No one could possibly understand me
Mine is different.
Mine is worse
Mine isn’t as bad
Mine is too new
Mine has been there for years
I don’t like talking about it
I need to always talk about it
He was old so it’s different
She was young so it’s different.
I used to think it was grief that separated me from the rest of the world. The thing that made me someone no one could love, or someone who couldn’t love others. I used to think that my desire to be with the dead tore me completely from the living.
I thought that it was a lost war for someone to try and get to know all of the pieces that I have become.
As I move forward (and sometimes backwards) and as I get to know my grief as intimately as I would a partner, I start to feel that draw back to the warm blooded.
When I started this blog, it was about me. It was my journey through a grief no one could understand. It was my way of coping, my therapy, my vice. I was learning about myself, I was learning about my pain, but what I didn’t know was that I was also learning about you and I was learning about yours too. Though comments, shares, emails and private messages I have learned more about who you are. I have learned more about your struggles, your coping, your heart, your pieces.
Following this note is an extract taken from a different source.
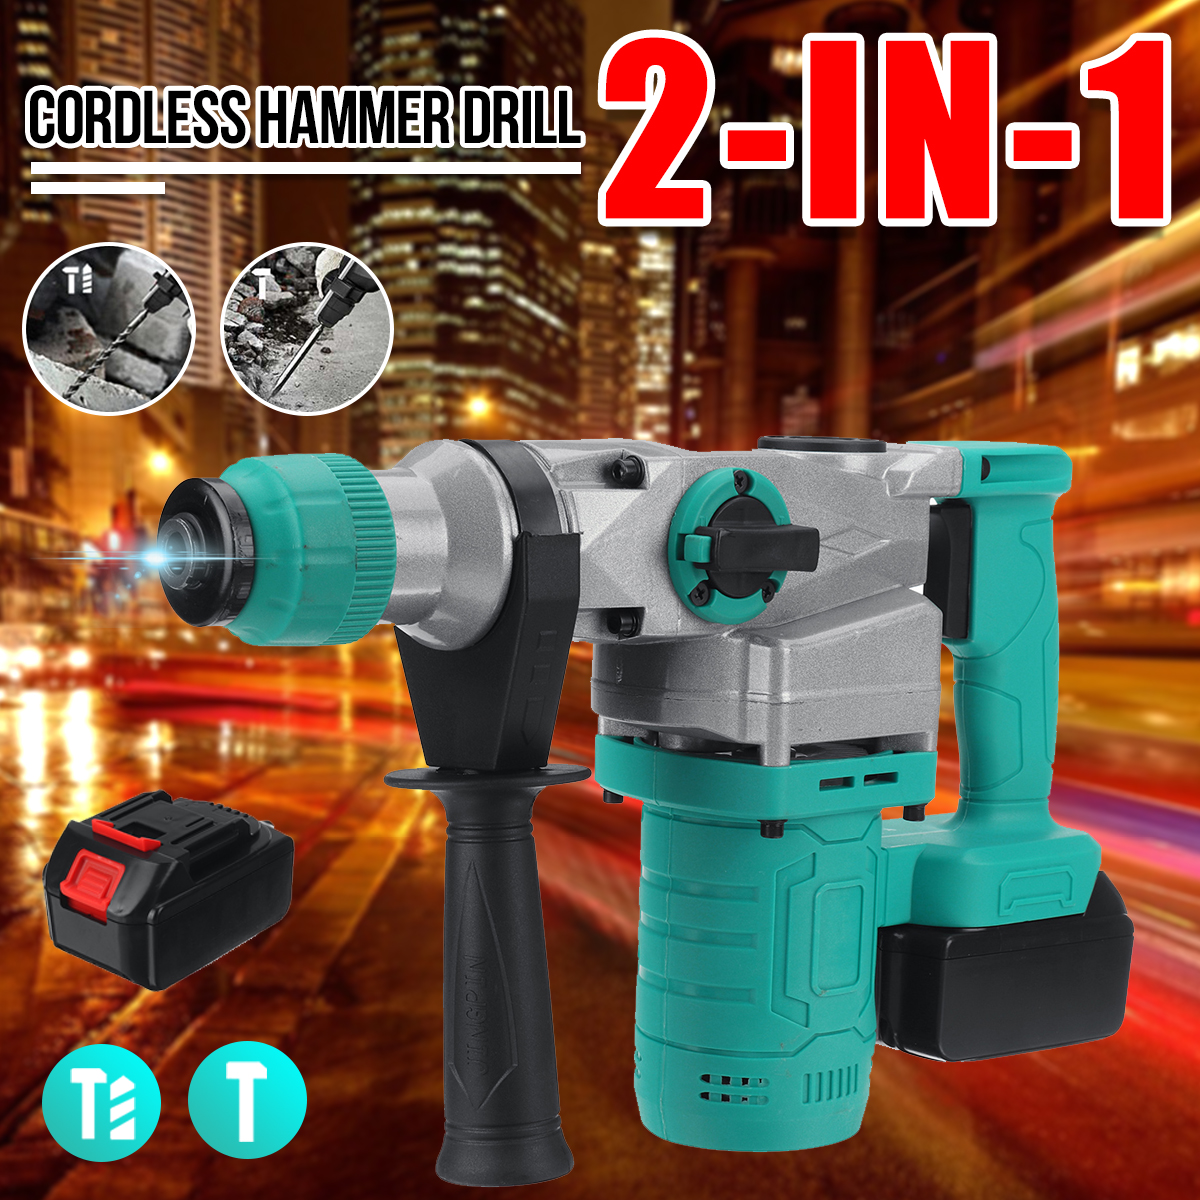 Brushless-Cordless-Electric-Hammer-Drill-Wood-Concrete-Wall-Drilling-Slotting-Tool-W-None-or-1pc-Bat-1878668-1

And with each connection I understand myself a little better too. If I think that your pieces are worth the effort ( tenfold ) then maybe mine are too. If I see the beauty behind your broken, the depth that makes you who you are, maybe someone will be able to see that in me.
We are not so different, you and I. It is our loss that drives us to connect, even when we think connecting is the last thing we want to do. Our souls are searching for each other, for someone else who finds a way to do the things that we still can’t. We are searching to find someone who can speak our thoughts because our mouths open but words wont come out and to find someone who is walking the path in front of us so they can scream out words of warning when something jumps out from the darkness that surrounds us.
We are not so different, you and I.
So to my brothers and sisters in grief, I say this:
I understand you. Even if you don’t want to be understood.
Our grief may be different in nature, but it is the same in our hearts
I know that you sometimes feel like you are alone on a sinking life boat in the middle of a raging ocean, and sometimes thats exactly where you want to be, but whether you like it or not, I am the life boat. I know it may seem like we are sinking, but sometimes the water below us gets to be too much for me too, and so I let some in, but I promise that I will not let you sink, because there is someone who is the lifeboat for me, and they wont let me sink either.
If you need to be alone. Be alone. But know I am there.
If you need to be surrounded, ask me to surround you.
I will not hold you to anything, because being accountable when grieving is really, really hard. Wanna hang out? Chat? Facetime? Call? Change your mind 5 minutes later? Totally cool, we can try again tomorrow.
Simply, forcefully and sympathetically; SAME. Me too. it’s complete shit, right?
It’s easy to label us and say “the fear of connection is a direct result from the fear of losing again.” but I don’t think that’s true. I think the fear of connection, when someone is grieving(in any way, for anything), is a direct result of not understanding your grief. If I don’t understand my grief, how can I explain it? If I don’t understand my own grief, how can I begin to understand someone else’s. I think we feel like we need to have the answers before we ask the questions. Like we need to be able to let everyone know that we are doing fine before we have even told them we are struggling. We all feel like we need to be the glorious, heart warming “and I can still feel them surrounding me as I move through this earth, enjoying each moment as they come and never forgetting to say thank you to those watching from above-The End” to the story instead of the chapter full of pain and hopelessness and ugliness and despair, before we let someone read our book.
Open up your pages.
You do not have to over come before we decide to embrace one another. You do not have to have the answers to the questions that will inevitably be asked.
“I don’t know” is powerful in it’s honesty and courageous in its acknowledgement.
“I am not okay” is the silent swing of a wrecking ball as it barrels toward the walls we think protect us.
You are not alone.
If we all stand in a circle and link arms. If we bend forward letting all of our grief equally disperse onto the backs of the masses, we will bear it together. We will hold up longer and we will move together as one entity sheltering, embracing, and carrying the load that this world has put on us.
but we will not do it alone.
You will not do it alone.
I use to think grief was what separated me from the rest of the world, and now I know it is what makes me a living, breathing, bleeding part of it.
Live, breathe and bleed with me.
I gotchu, babe.
Chelsey xo
Such a beautiful post. My mom has been a fan of your blog for quite some time and mentioned you to me often. She sent me a link to “Adirondack Lessons” not so long ago noting your writing style reminded her of mine. Upon reading the post I was incredibly complimented by my mom’s comparison. I subscribed right after. You’re voice is very much needed in the great big here.